Believe it or not, Agile has caused much controversy in the software community. There is still an ongoing battle between people who believe in the Waterfall model and those who want to "be Agile." But most of the controversy is due to a misunderstanding of what it means to be Agile. People with a low understanding of Agile will use it as an excuse for abandoning all process. "We don't need requirements," they say, "we're Agile!"
Nothing could be further from the truth. Agile does not mean abandoning process. It means that we do what makes sense. Some Agile methods are very rigid in the rules you have to follow (Scrum, for example). Being Agile means that we don't just blindly follow a process, not that we abandon it. Here's the exact wording of the manifesto:
We are uncovering better ways of developing software by doing it and helping others do it. Through this work we have come to value:
Individuals and interactions over processes and tools
Working software over comprehensive documentation
Customer collaboration over contract negotiation
Responding to change over following a plan
That is, while there is value in the items on the right, we value the items on the left more.
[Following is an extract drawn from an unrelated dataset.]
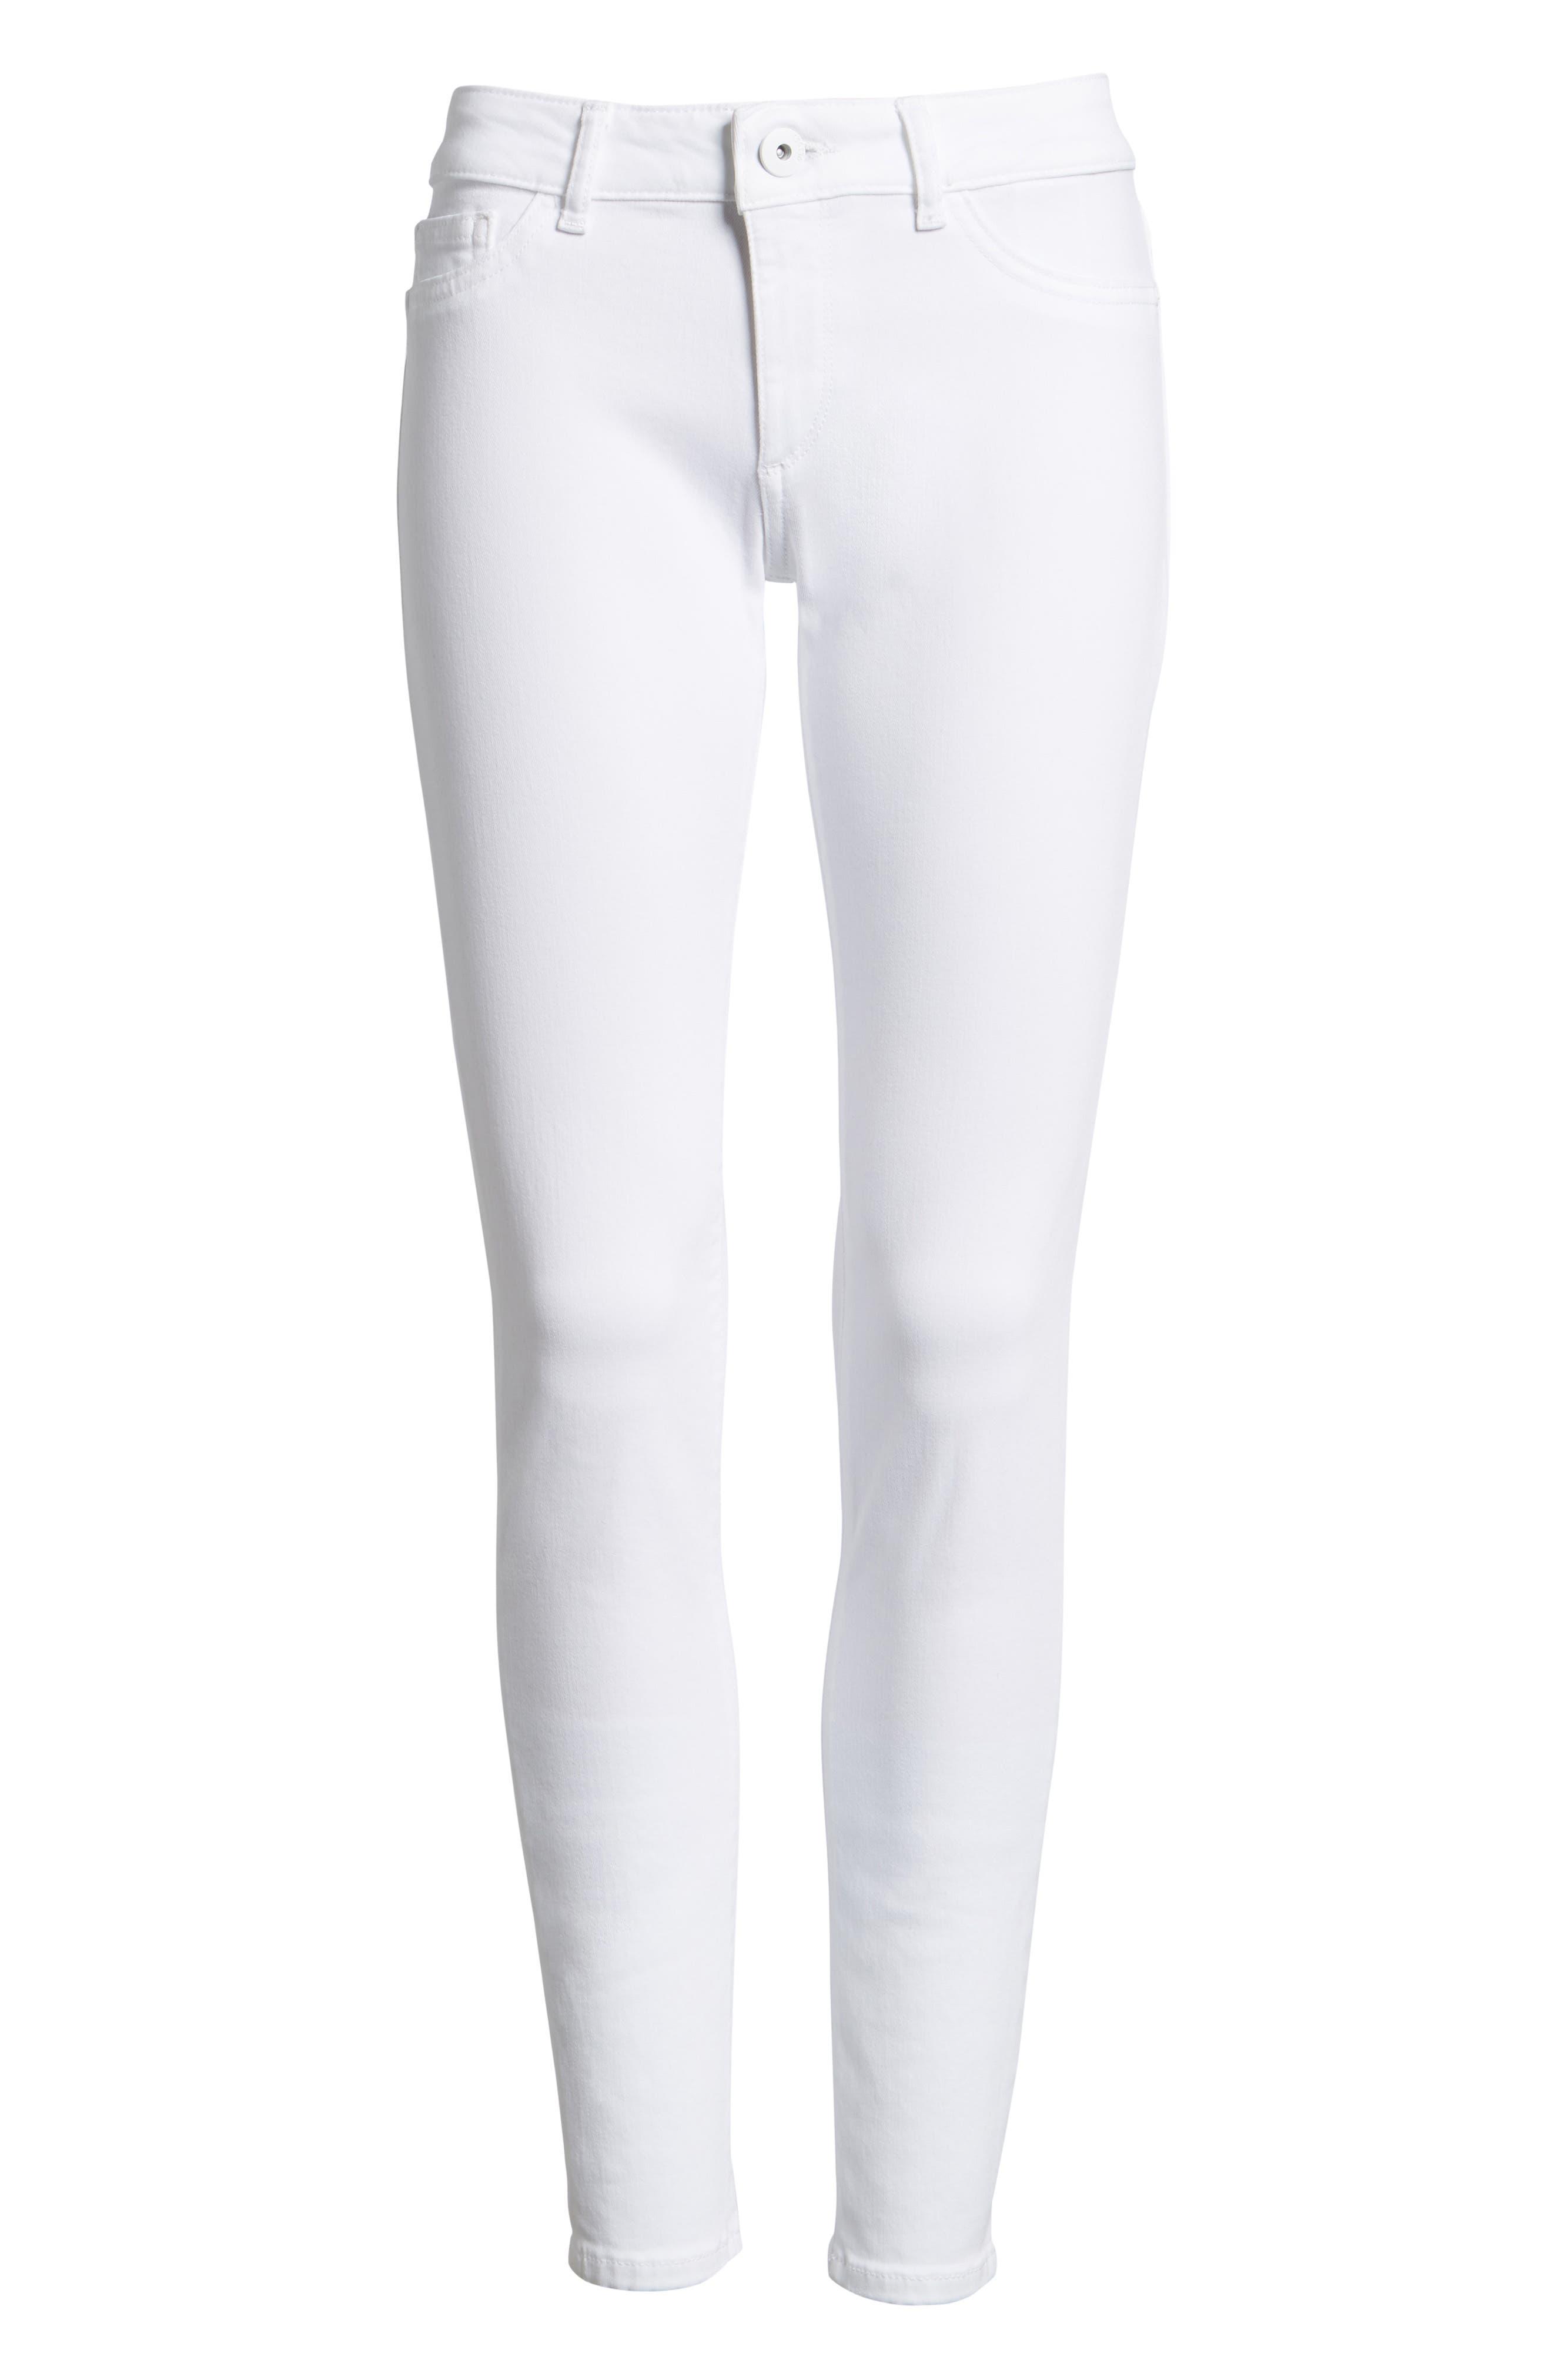 'Emma' Power Legging Jeans,                             Main thumbnail 1, color,                             100

In other words, human interactions are more important than tools and processes, working software is more important than documentation, collaborating with customers is more important than following the letter of a contract, and sometimes we have to modify our plans in order to respond to a changing world. Personally, I don't see much to argue with there. Yet, the debate continues 20 years after the fact.
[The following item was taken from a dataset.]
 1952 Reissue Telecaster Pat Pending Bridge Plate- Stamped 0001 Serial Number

Truth be told, much of what is in the Agile Manifesto has now become standard practice in the software industry. Regardless of whether software organization says it's using Agile or not, collaborating with the customer, focusing on working software, and releasing often are pretty much the norm for everywhere now. It wasn't 20 years ago. It seems surprising that it would be necessary to call out these things that seem so obvious in a manifesto, but 20 years ago these concepts were not the norm. Having worked in a rigid Waterfall process, I can attest to the fact that customer collaboration, working software, and releasing often were not the norm where I worked in 2001.
Today, even organizations using Waterfall will work in an Agile way. Agile is a mindset, not a process. Any organization can be Agile, regardless of the process model being used.